Selbstverständlich ist es zu begrüßen, wenn Sie bei der Planung Ihrer individuellen Immobilienfinanzierung größtmögliche Vorsicht walten lassen. Dass Sie dabei konsequenterweise auch an eine finanzielle Absicherung Ihrer langjährigen Kreditratenzahlungen denken, ist nur logisch. Allerdings sollten Sie sich in dieser Hinsicht keinesfalls an dem Motto „Viel hilft viel“ orientieren. Bei den entsprechenden Versicherungen geht es vielmehr um das Finden der für Ihre individuelle Situation exakt passenden Lösung. Generell empfiehlt es sich dabei, nach einem Entweder-oder-Prinzip zu verfahren:

Entweder Risikolebensversicherung oder Restschuldversicherung.

Gerade bei derart hohen Beträgen und Laufzeiten von zehn, zwanzig oder mehr Jahren ist eine Überversicherung auf jeden Fall strikt zu vermeiden.
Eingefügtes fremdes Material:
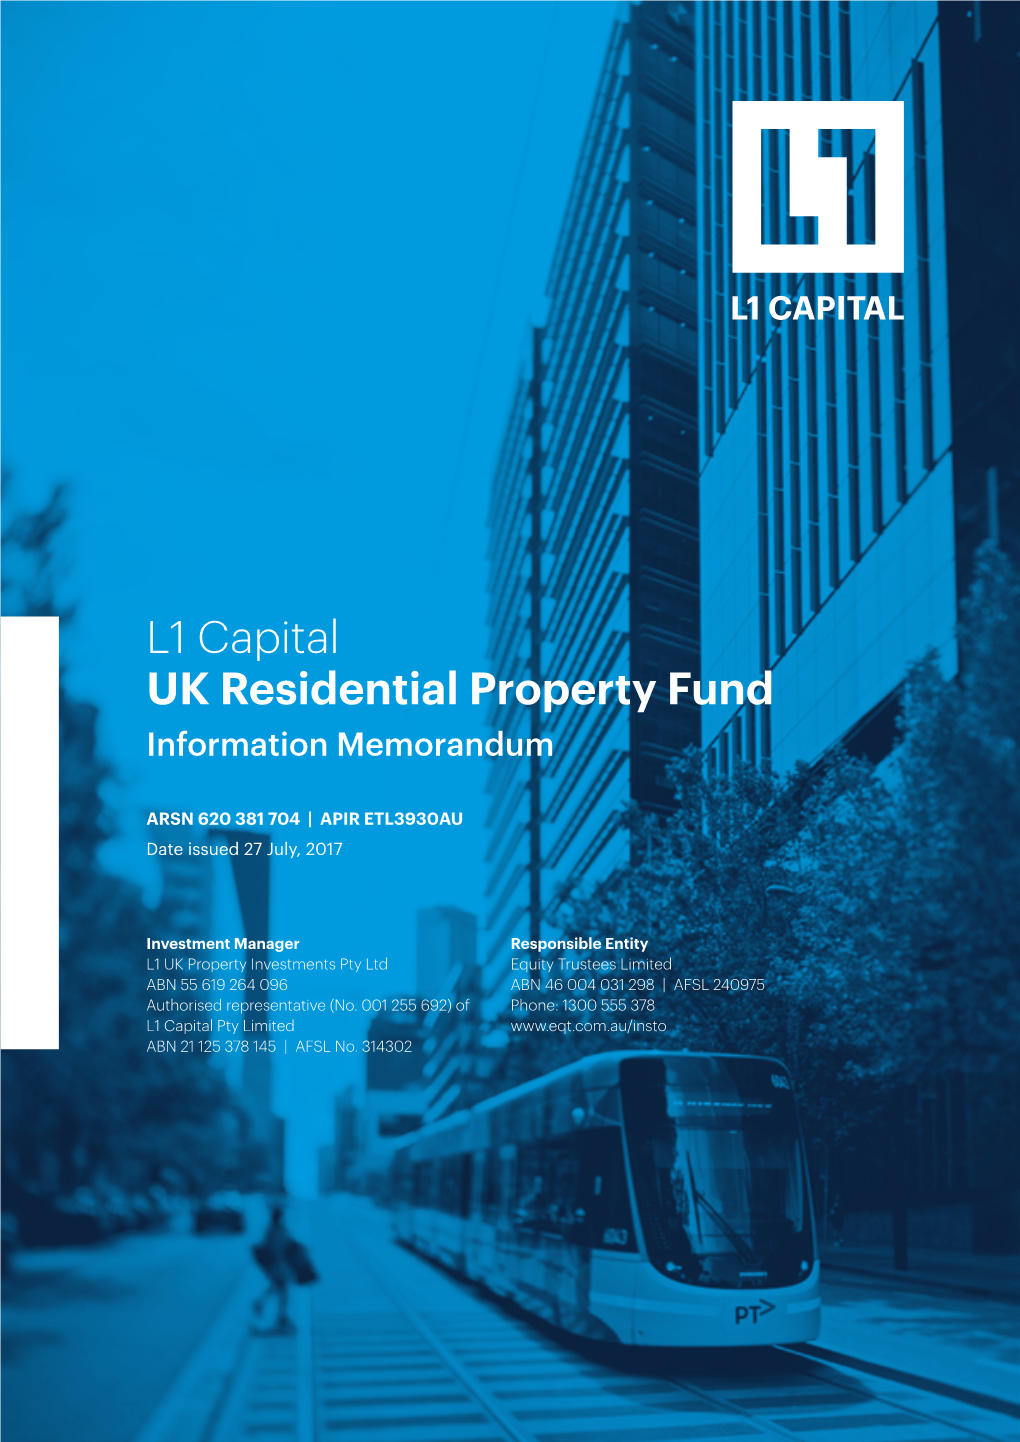 L1 Capital UK Residential Property Fund Information Memorandum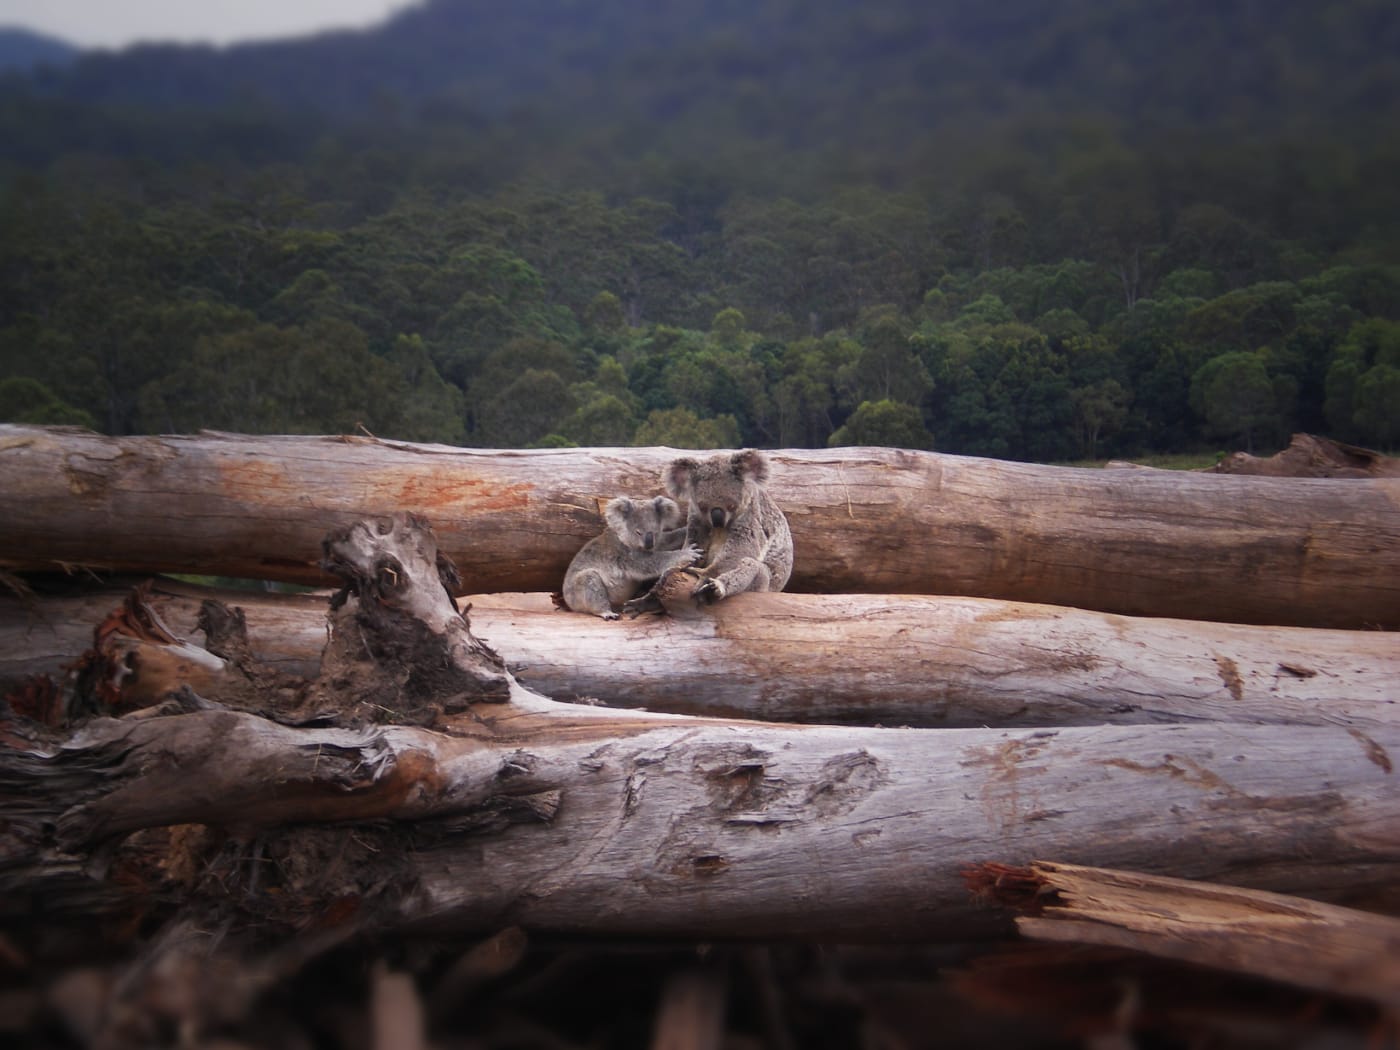 Koala mother and joey seek refuge on bulldozed logs in Queensland, Australia.

Wenn Sie regelmäßig über eine lange Zeit zu hohe Raten- bzw. Prämienzahlungen tätigen müssen, wird Ihr finanzieller Schaden am Ende beträchtlich sein. Dies gilt es im Rahmen einer verantwortungsvoll und seriös durchgeführten Baufinanzierung selbstverständlich zu vermeiden. Zu diesem Zweck empfiehlt es sich, die vielen verschiedenen Angebote aus den beiden Bereichen sorgfältig zu studieren. Zudem zahlt es sich für Sie im wahren Wortsinn aus, wenn Sie von unabhängigen Experten einen professionellen Vergleich durchführen lassen.

Fazit: Restschuldversicherung versus Risikolebensversicherung

  • Eine Risikolebensversicherung bietet Ihnen im Allgemeinen bessere, individualisierte Konditionen.
  • Ist ein solcher Versicherungsschutz vorhanden, sollte vom Abschluss einer Restschuldversicherung bzw. Kreditlebensversicherung Abstand genommen werden. Grund dafür ist eine dadurch zustande kommende Überversicherung des Kreditnehmers.
  • Restschuldversicherungen sind vergleichsweise starre Bankprodukte, ohne viel Gestaltungsspielraum für den Kunden.
  • Für gesundheitlich beeinträchtige Personen kann eine Absicherung der Baufinanzierung mittels der Kreditlebensversicherung von Interesse sein, da hier auf eine Gesundheitsprüfung verzichtet wird.
  • Des Weiteren zeichnet sich die Restschuldversicherung im Allgemeinen dadurch aus, dass auch Versicherungen gegen Arbeitsunfähigkeit bzw. Arbeitslosigkeit im Versicherungspakt auf Wunsch oder bei Bedarf inkludiert sind.
  • Vergleichen Sie in jedem Fall die Angebote aus beiden Bereichen und entscheiden Sie sich erst nach sorgfältiger Prüfung für jenes Modell bzw. Produkt, das für Ihre persönliche Situation das passende ist.
  • Sichern Sie Ihr Baudarlehen aber auf jeden Fall anhand einer dieser beiden Varianten ab! Aufgrund der langen Kreditlaufzeit und hohen Summen, von welchen eine Immobilienfinanzierung charakterisiert ist, sollte ein verantwortungsbewusster Bauherr bzw. Kreditnehmer sämtliche mögliche Begebenheiten in Betracht ziehen und zumindest theoretisch mit einkalkulieren!